- Your objective: Could you give the data below again exactly, apart from the pictures?

- Dataset content:

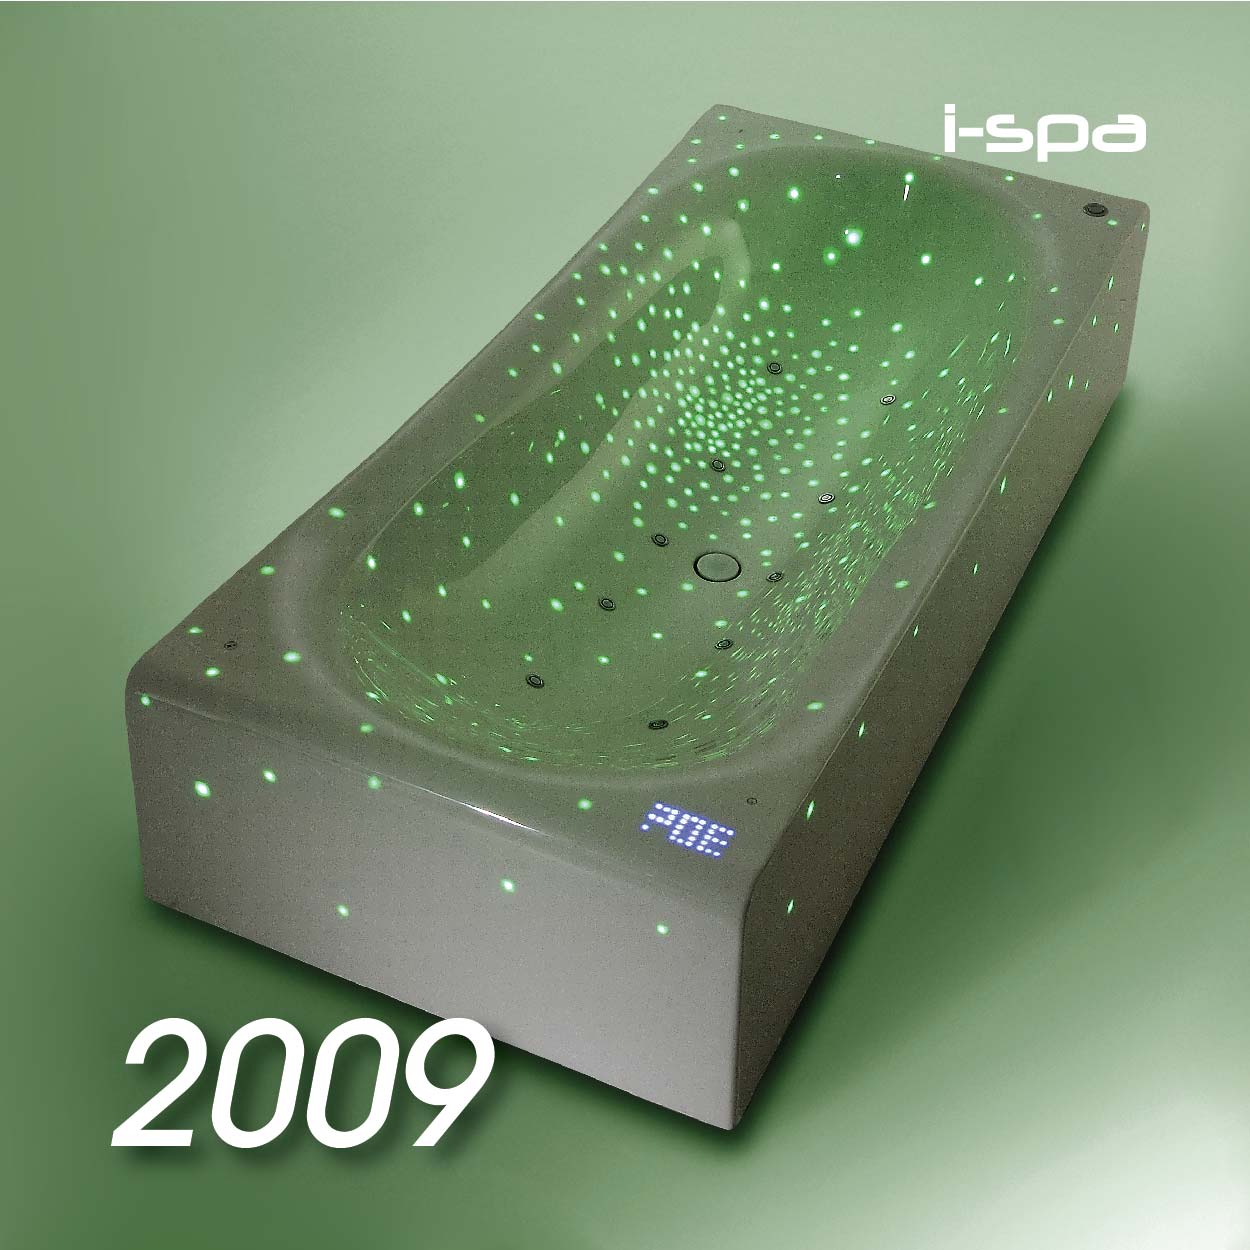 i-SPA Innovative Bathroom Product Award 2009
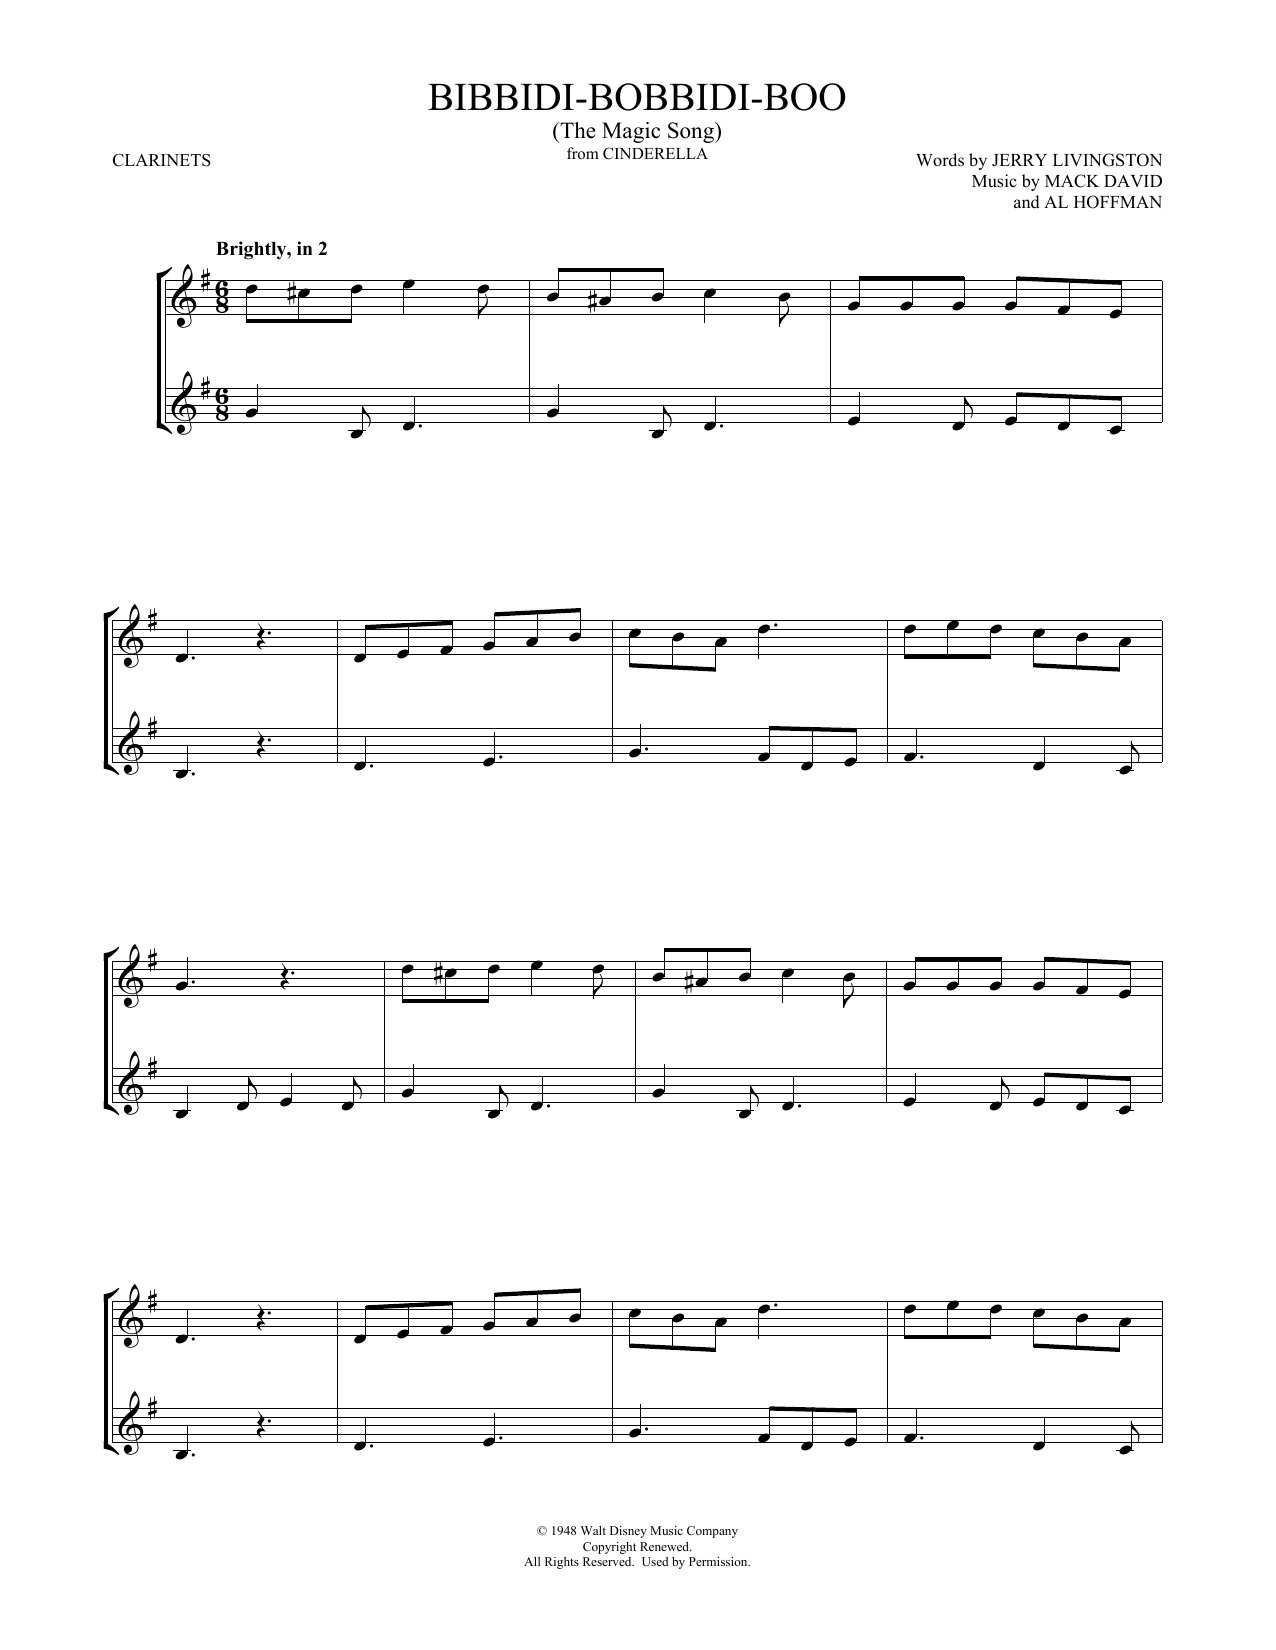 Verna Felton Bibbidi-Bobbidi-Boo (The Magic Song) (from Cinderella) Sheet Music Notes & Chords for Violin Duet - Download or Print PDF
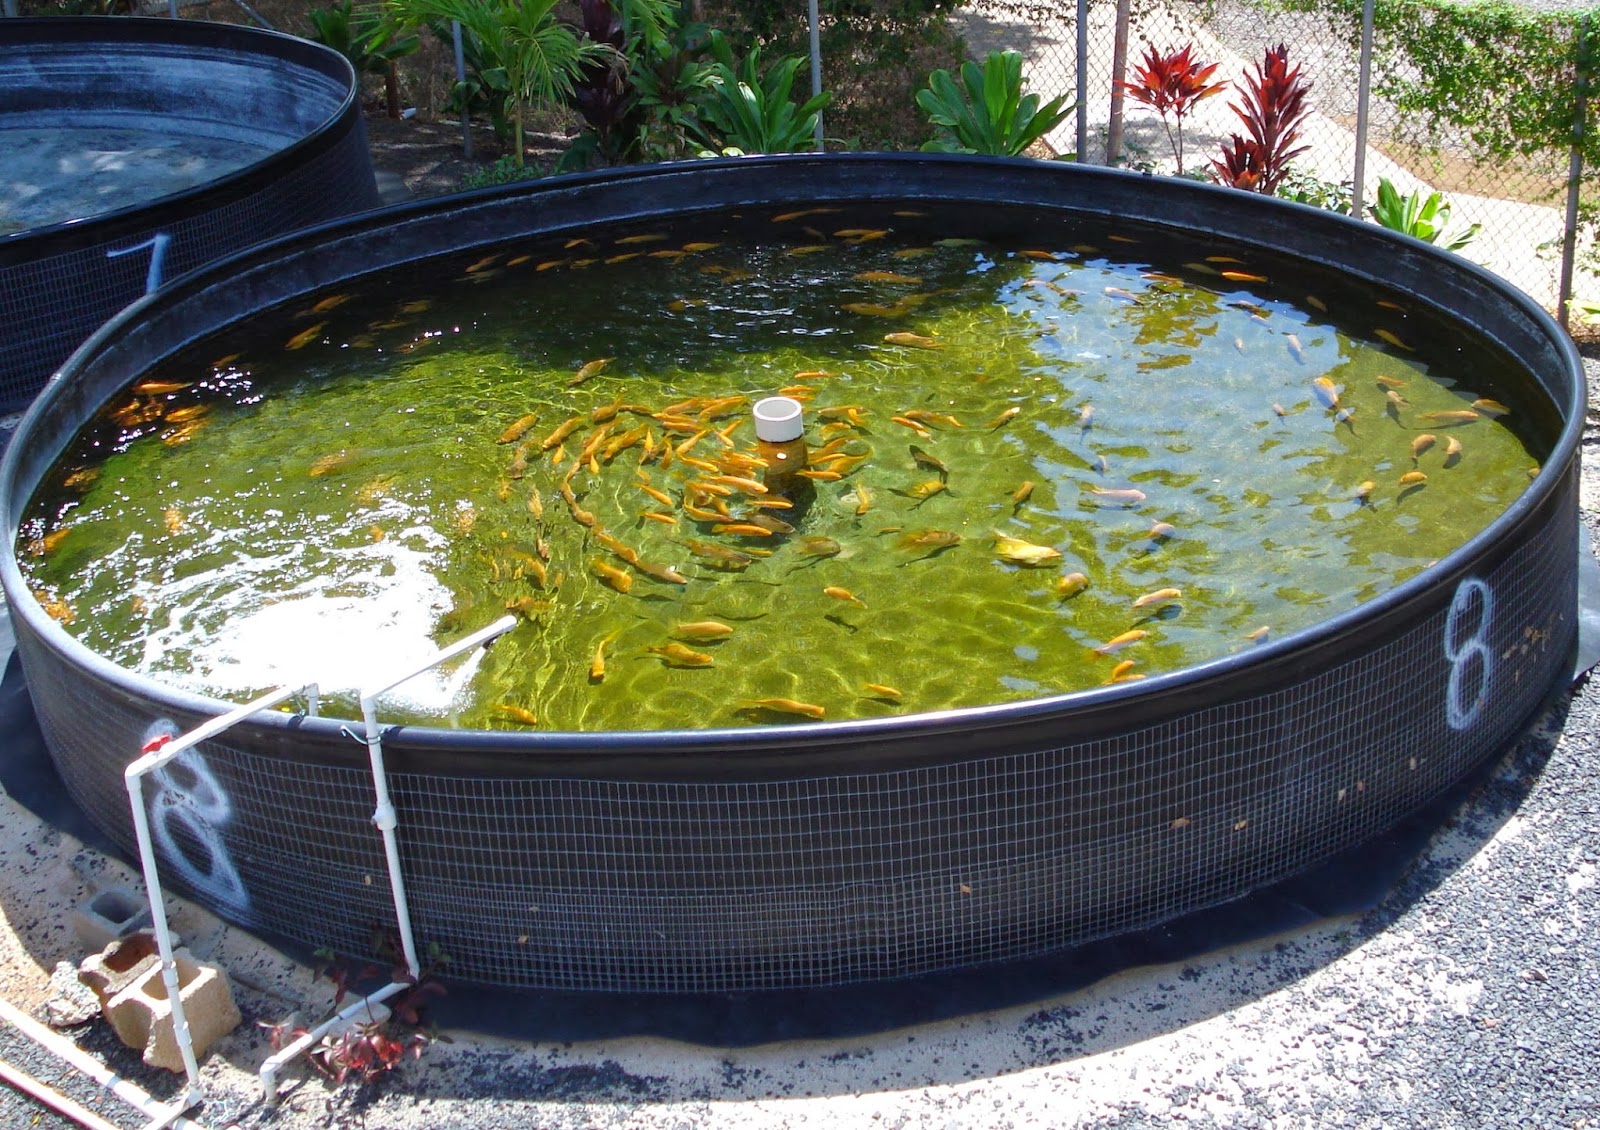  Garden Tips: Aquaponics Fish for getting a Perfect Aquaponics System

- Written reply:
 i-SPA Innovative Bathroom Product Award 2009
 Verna Felton Bibbidi-Bobbidi-Boo (The Magic Song) (from Cinderella) Sheet Music Notes & Chords for Violin Duet - Download or Print PDF
  Garden Tips: Aquaponics Fish for getting a Perfect Aquaponics System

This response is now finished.